I shift awkwardly while everyone gazes with approval; everyone but one, anyway. Billy, who has stopped laughing, is glaring like he wants to rip me in two. Or ten. When he retracts his venomous stare, he turns to Lawson. “You may as well ask him out, you pansy.”

“Watch it, Billy,” Lawson warns in a deep voice.

Jonathan clears his throat and steps between them. “We have many years ahead. I would advise that we all try to get along.” His smile doesn’t do much to lighten the mood. “That will wrap up our session today. Grant, the others will be returning to their assignments shortly. I suspect you have some work to complete in getting acquainted with your Tragedy.”

In response, I lock eyes with Billy.

“See you all in two days. Safe journeys everyone,” Jonathan says as his dismissal.

Billy breaks the staring contest first, but snickers before whispering something to Lawson.

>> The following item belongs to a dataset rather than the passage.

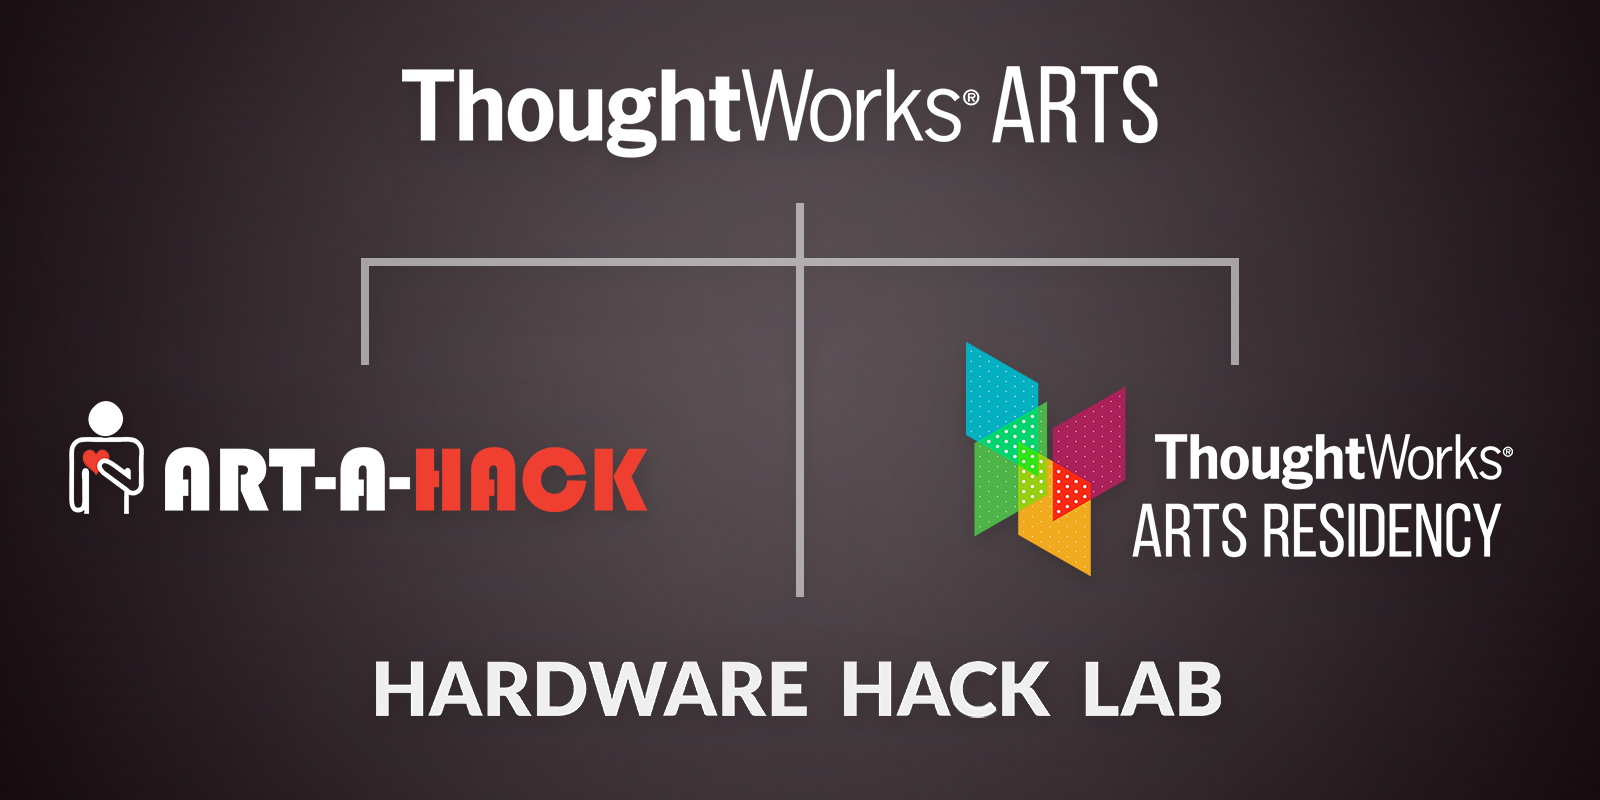 Logos for Thoughtworks Art and subprograms Hardware Hack Lab, Art-A-Hack and Arts Residency

On the way back inside, Evelynn glues herself to me. Her smooth arm keeps meeting mine no matter how much I veer away. “You really were something out there. That’s some great stamina, especially as a newbie.” Evelynn squeezes her hand around my bicep. “I’m interested to see what other tricks you have up your sleeve.”

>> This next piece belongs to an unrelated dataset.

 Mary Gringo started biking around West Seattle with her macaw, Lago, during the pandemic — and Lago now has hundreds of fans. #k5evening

I pull my arm away and step to the left, giving Trina what I hope is a ‘help me’ look.

Trina smiles like she gets it and moves to put herself between Evelynn and me. Evelynn is reluctant to take the hint, but eventually falls back, becoming the receiver of Jackson’s rambling.

“She’s a persistent thing. She’ll be all over you until she’s absolutely sure you’re not interested,” Trina says.

I scowl. “I guess I’d better let her know sooner than later.”

Trina undoes her hair and wild curls sprout in every direction. Something tugs inside me. Why is she so familiar? Maybe I’ve seen her around Benson and just don’t remember. That doesn’t feel right, though. Hair like that would be difficult to forget.

When we get through the doors, Billy’s shoulder rams into mine.